I think we all get caught up in perfection from time to time. We want our husband to be all of these things, but some days, we need to settle in and realize that he we married him for a reason. He offered something in to our lives that we couldn't find anywhere else. He loved us how we needed to be loved. He made us feel safe in a crazy world. And as years pass, we forget that. We forget that he was exactly what we wanted at one point in time... and he didn't have to be perfect to earn that title. See your husband for the man that you fell in love with. Love him in all of his perfections and imperfections. God, help us not to attempt to mold our husbands in to what we want, but let us pray that YOU mold him in to who YOU want.
6.) Be slow to anger. Relay your frustration with love, respect, and a cool head.
OUCH.
That one hurt to read.
I have been HORRIBLE about being that person-- that slow to anger person. I've been such a smartelic in my relationship with Ethan. I am instantly offended and defensive- and it drives me batty that I instantly fly off the handle, especially with my mouth. Ethan and I are both sarcastic, tough, stubborn people... if one of us is quick to anger, the other one usually follows which leads to difficult arguments (even when they don't need to be.) This is something else that God has been impressing on me.... when an argument beings, He needs me to be at peace. I need to relay what I'm thinking and feeling with respect. He is my husband- he is the head of the household- and even if I feel as though he is incorrect in his statements, I need to respect his title, love him, and argue peaceably. He deserves that and most importantly, our relationship deserves that.
We had an argument not too long ago and it is amazing how if I'm not defensive and a smartelic.. how soft his spirit is. He has to be defensive in arguments because I'm immediately defensive. I am the spark of heated arguments-- and that was a tough pill to swallow! But Jesus has been helping me be softer... slow to anger.. not full of wrath. Jesus, help us to respect our husbands and handle disagreements with a cool head. Help us to be slow to anger. Fill our hearts so full of love that there's no room for wrath, bitterness, and strife.
We must be adamant about building our husbands up. Encouraging him. Loving him. Respecting him. We want him to be respected in the city- and it starts with US. We teach people how to treat us and we will teach people how to treat our husbands. It all starts at home. This world is a tough world. Your husband is tossed around by the waves of life all day--- when he comes home, we should be his refuge.. his peace.. his safe spot from the weight he carries around.
God, help us to love our husbands the way he needs to be loved.

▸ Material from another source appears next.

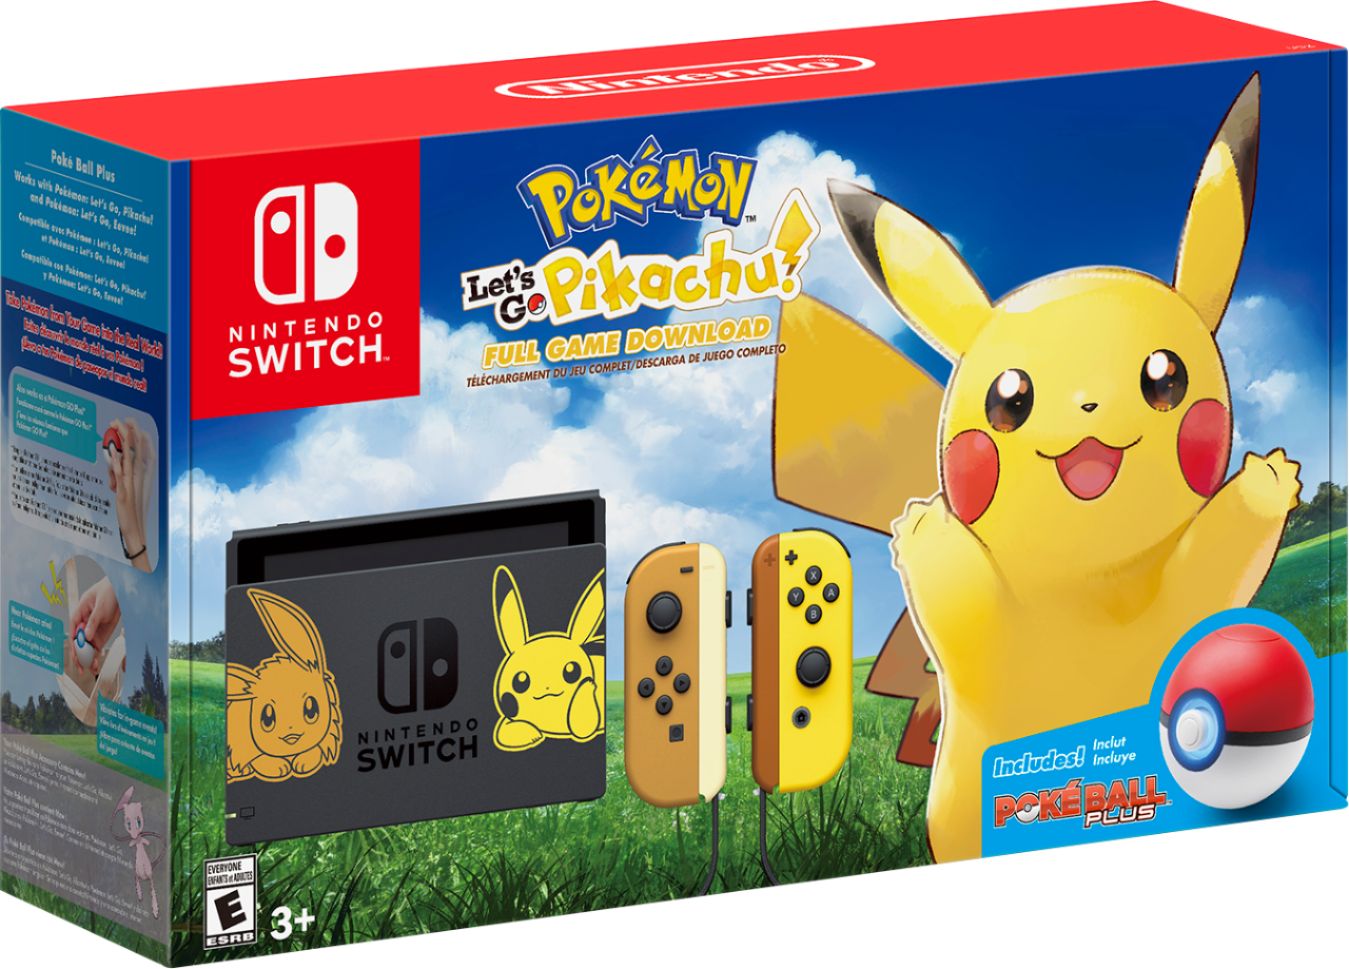 kinakål Skim minus Nintendo Switch Pikachu & Eevee Edition with Pokémon: Let's Go, Pikachu! +  Poké Ball Plus Gray HACSKFALF - Best Buy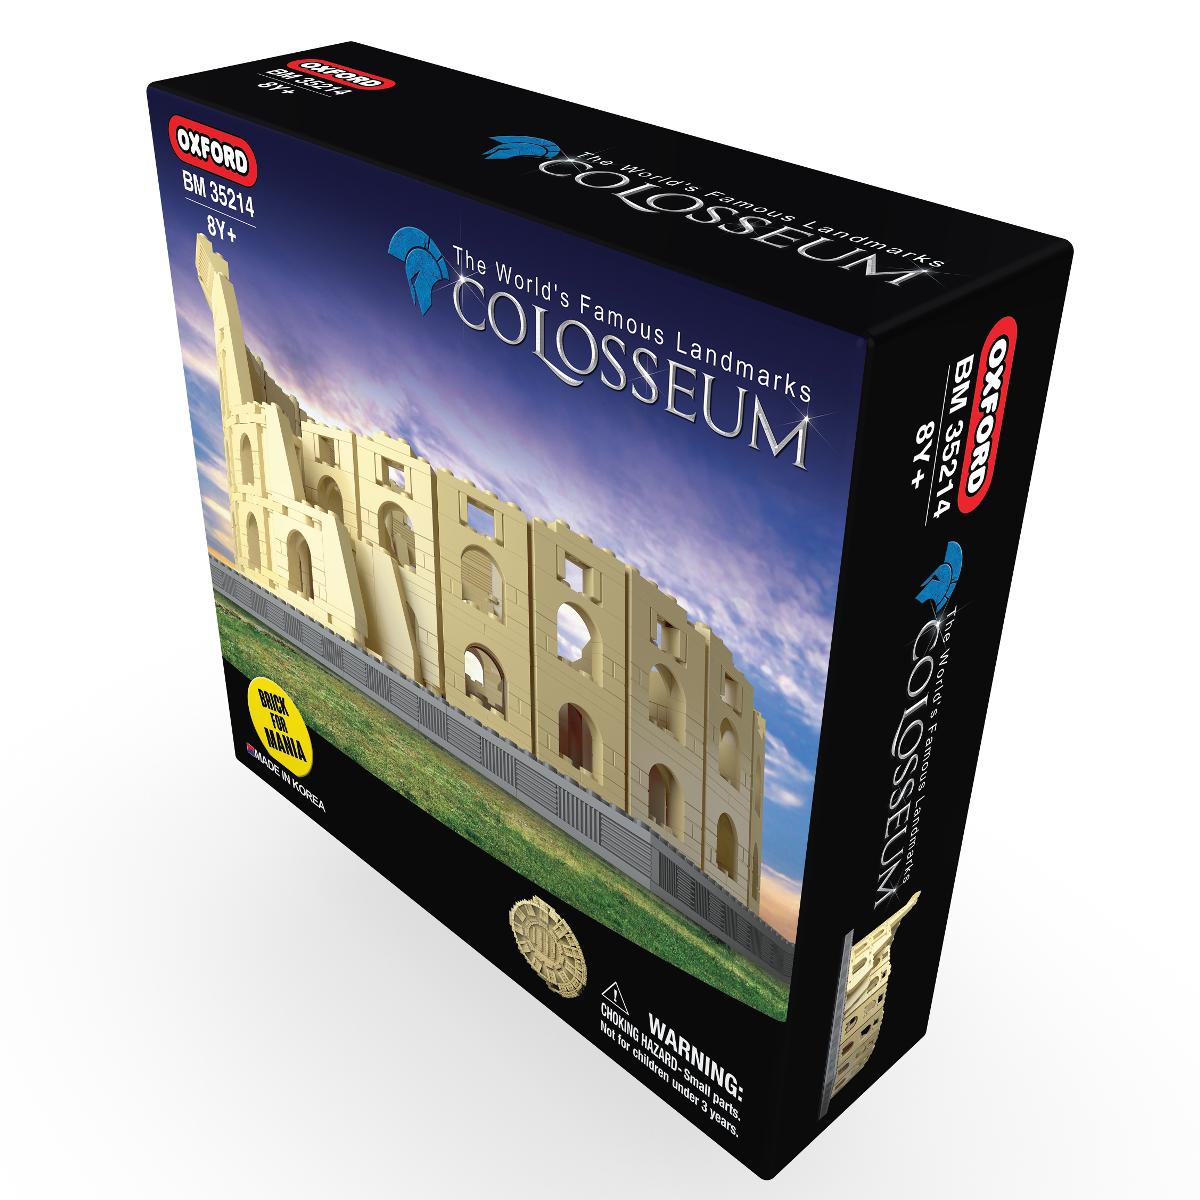 Oxford Colosseum Compatible Brick Set

Please help us to respect him, life him up, encourage him, praise him, and be there for him in every aspect. Help us to listen to his needs and his feelings. Help us to see his strong points as opposed to his weaknesses. Help us to pray for our husbands, every morning, every evening. Let him consistently be in our thoughts and our prayers. We love You, Jesus. Thank You for the gift of our husband. Thank You for trusting us with him!